_Supplied information_:
+++++
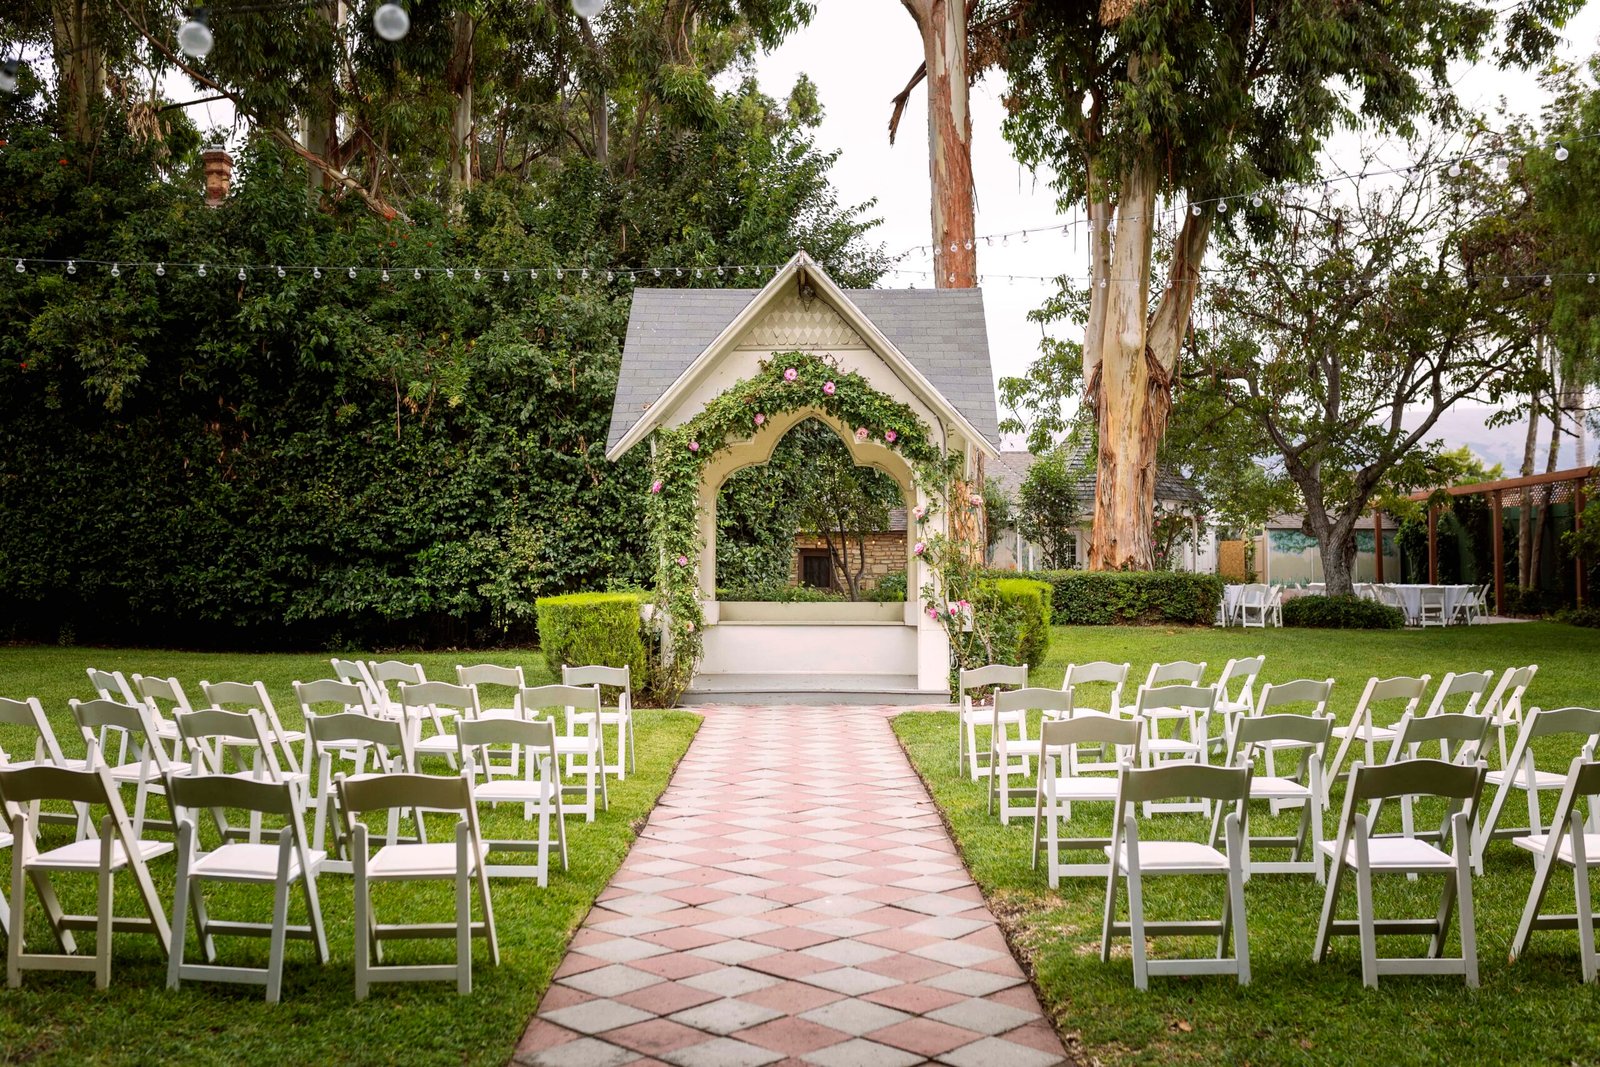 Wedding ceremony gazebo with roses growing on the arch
+++++
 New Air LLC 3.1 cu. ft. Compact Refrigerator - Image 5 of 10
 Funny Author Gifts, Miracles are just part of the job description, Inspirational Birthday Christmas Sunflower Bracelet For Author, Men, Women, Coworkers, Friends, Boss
+++++
_Your instructions_: From the data above, return every line from the line that has "New Air LLC" up to and including the line that has "Funny Author Gifts, Miracles", exactly.

_Result_:
 New Air LLC 3.1 cu. ft. Compact Refrigerator - Image 5 of 10
 Funny Author Gifts, Miracles are just part of the job description, Inspirational Birthday Christmas Sunflower Bracelet For Author, Men, Women, Coworkers, Friends, Boss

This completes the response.